A large grinding wheel in the shape of a solid cylinder of radius 0.330 m is free to rotate on a frictionless, vertical axle. A constant tangential force of 200 N applied to its edge causes the wheel to have an angular acceleration of 1.048 rad/s2.
(a) What is the moment of inertia of the wheel? HINT: Remember that there are two equations for torque. τ = r Fsinθ and τ = I α.
kg·m2
(b) What is the mass of the wheel? HINT: You will need to refer to the specific formula that determines the moment of inertia for a solid disk, or solid cylinder, in terms of its mass and radius.
kg
(c) If the wheel starts from rest, what is its angular velocity after 4.40 s have elapsed, assuming the force is acting during that time? HINT: You will want to use the equations for uniform angular acceleration.
rad/s
To answer these questions, we will need to use some basic equations related to torque and angular acceleration.

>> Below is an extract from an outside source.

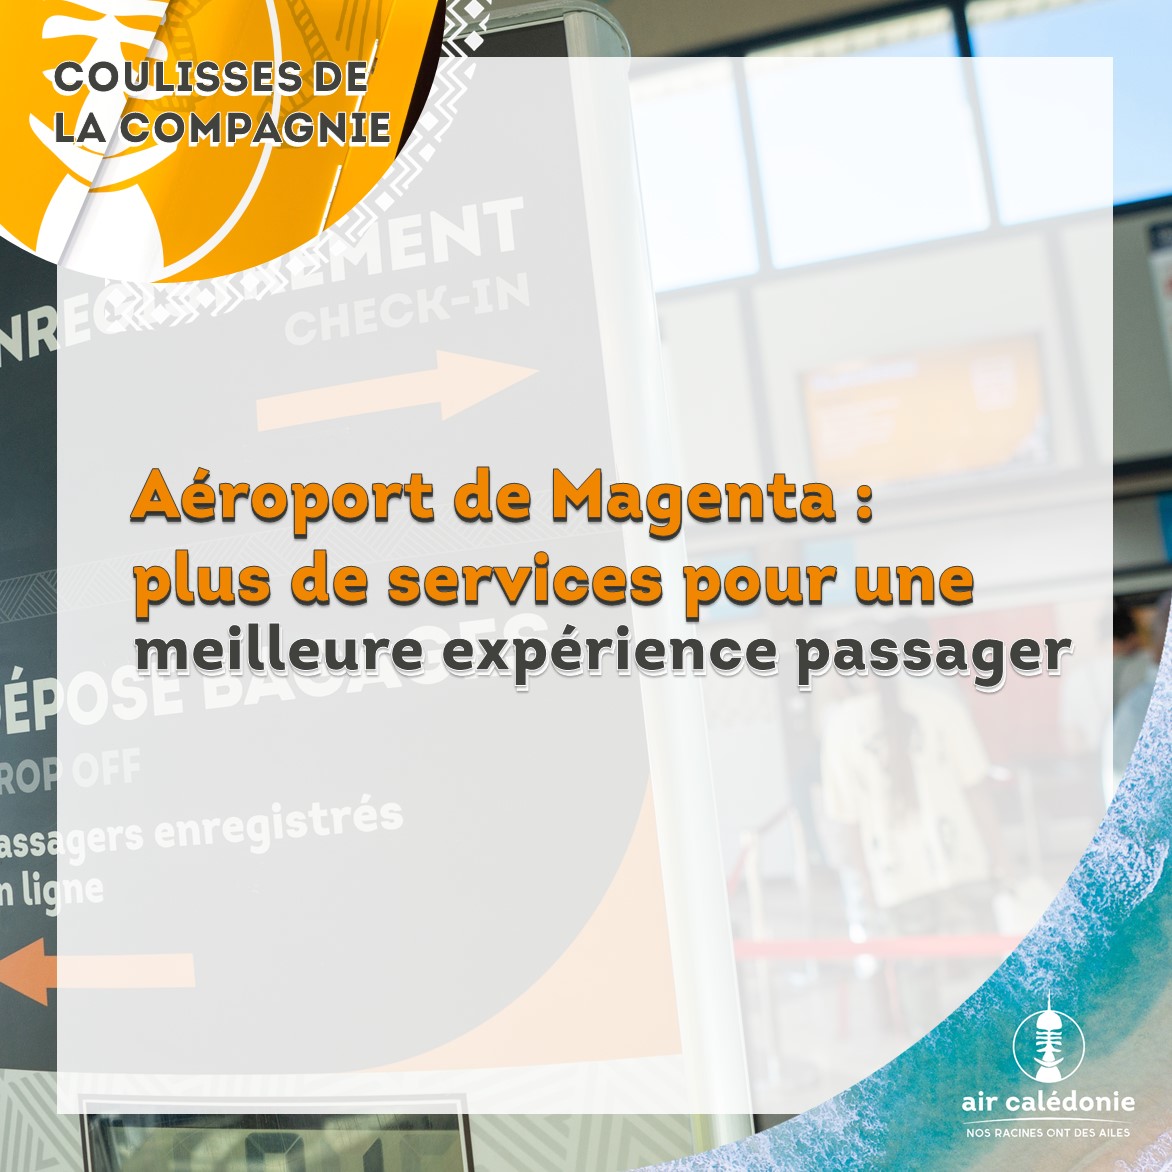 Amélioration des services à l'aéroport de Magenta
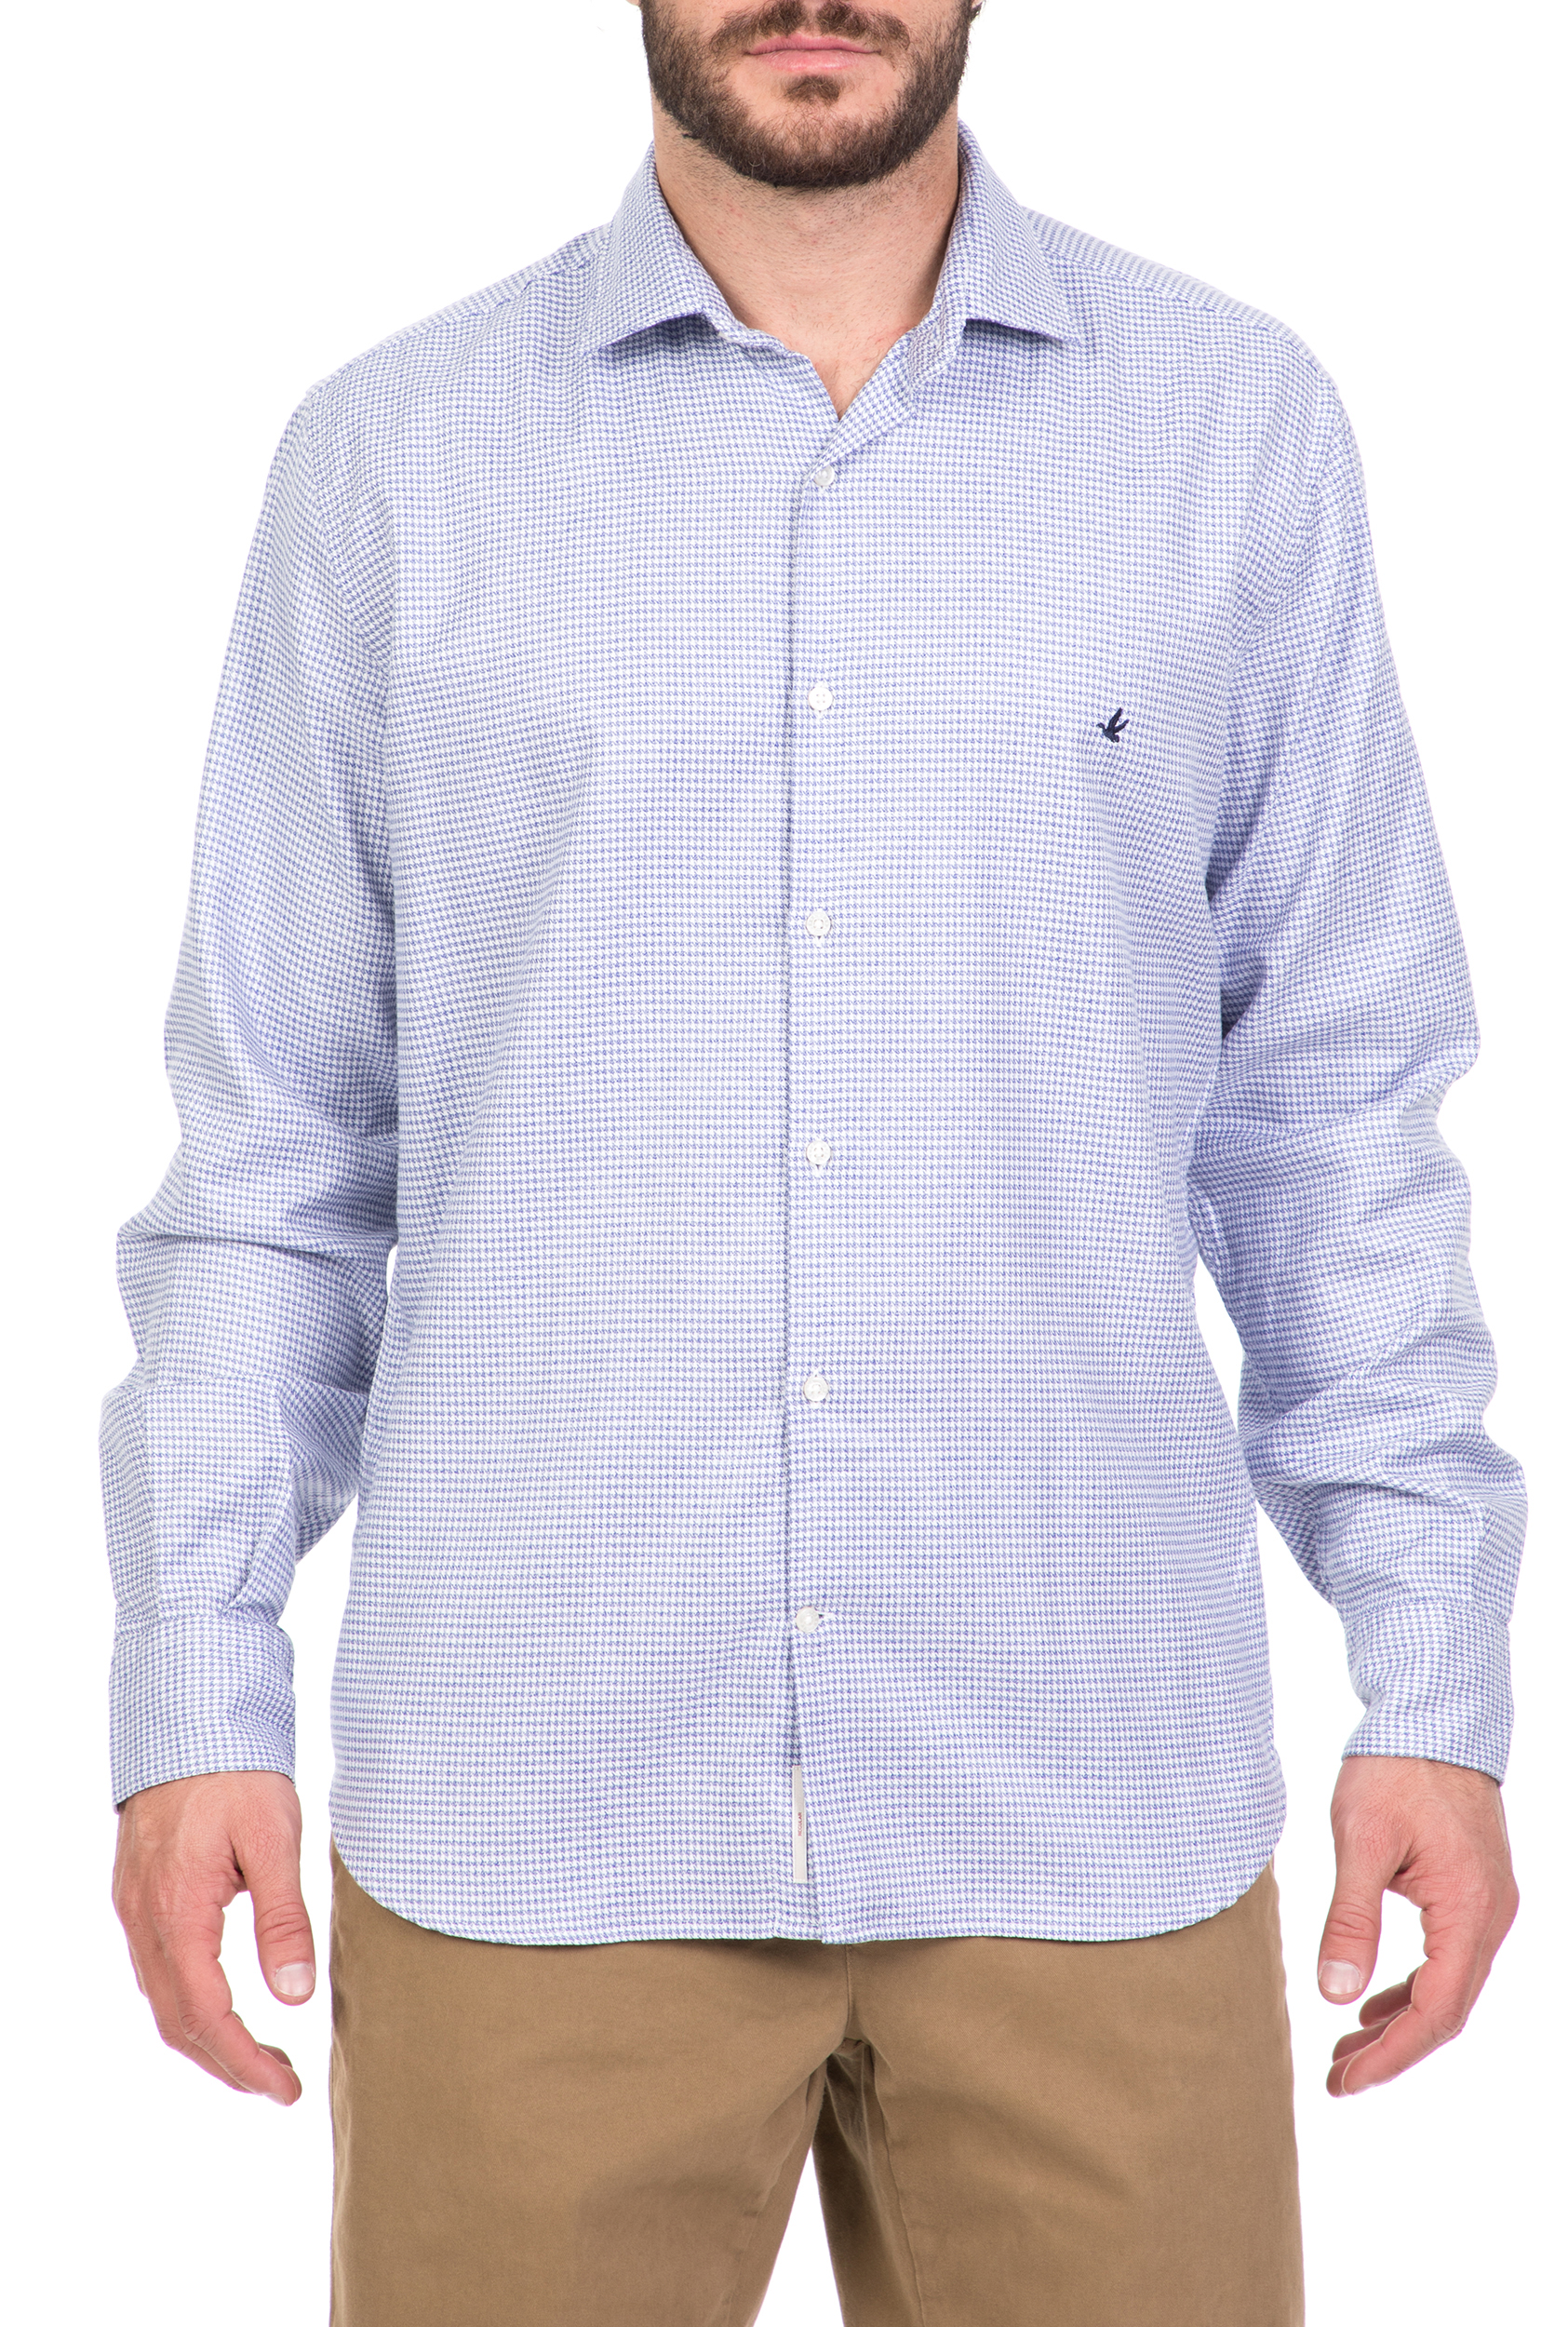 BROOKSFIELD - Ανδρικό μακρυμάνικο πουκάμισο BROOKSFIELD γαλάζιο Ανδρικά/Ρούχα/Πουκάμισα/Μακρυμάνικα

(a) To find the moment of inertia, we can use the equation τ = I α, where τ is the torque, I is the moment of inertia, and α is the angular acceleration.
In this case, we are given the torque (τ = rFsinθ) and the angular acceleration (α = 1.048 rad/s^2). We need to calculate the moment of inertia.
First, we need to find the radius of the wheel. In the given information, the radius is given as 0.330 m.
Now, we can substitute these values into the equation τ = I α:
τ = rFsinθ
I α = rFsinθ
Rearranging the equation, we get:
I = τ / α
Substituting the given values:
I = (0.330 m * 200 N * sin90°) / 1.048 rad/s^2
Calculating the equation:
I ≈ 62.72 kg·m^2
So, the moment of inertia of the wheel is approximately 62.72 kg·m^2.
(b) To find the mass of the wheel, we can use the formula for the moment of inertia of a solid cylinder, which is I = (1/2) m r^2, where m is the mass and r is the radius.
Rearranging the equation, we get:
m = 2I / r^2
Substituting the given values:
m = 2 * 62.72 kg·m^2 / (0.330 m)^2
Calculating the equation:
m ≈ 1194.18 kg
So, the mass of the wheel is approximately 1194.18 kg.
(c) To find the angular velocity of the wheel after 4.40 s, we can use the equation for angular velocity, ω = ω0 + αt, where ω is the final angular velocity, ω0 is the initial angular velocity (0 rad/s as the wheel starts from rest), α is the angular acceleration, and t is the time.
Substituting the given values:
ω = 0 + (1.048 rad/s^2)(4.40 s)
Calculating the equation:
ω ≈ 4.5976 rad/s
So, the angular velocity of the wheel after 4.40 s is approximately 4.5976 rad/s.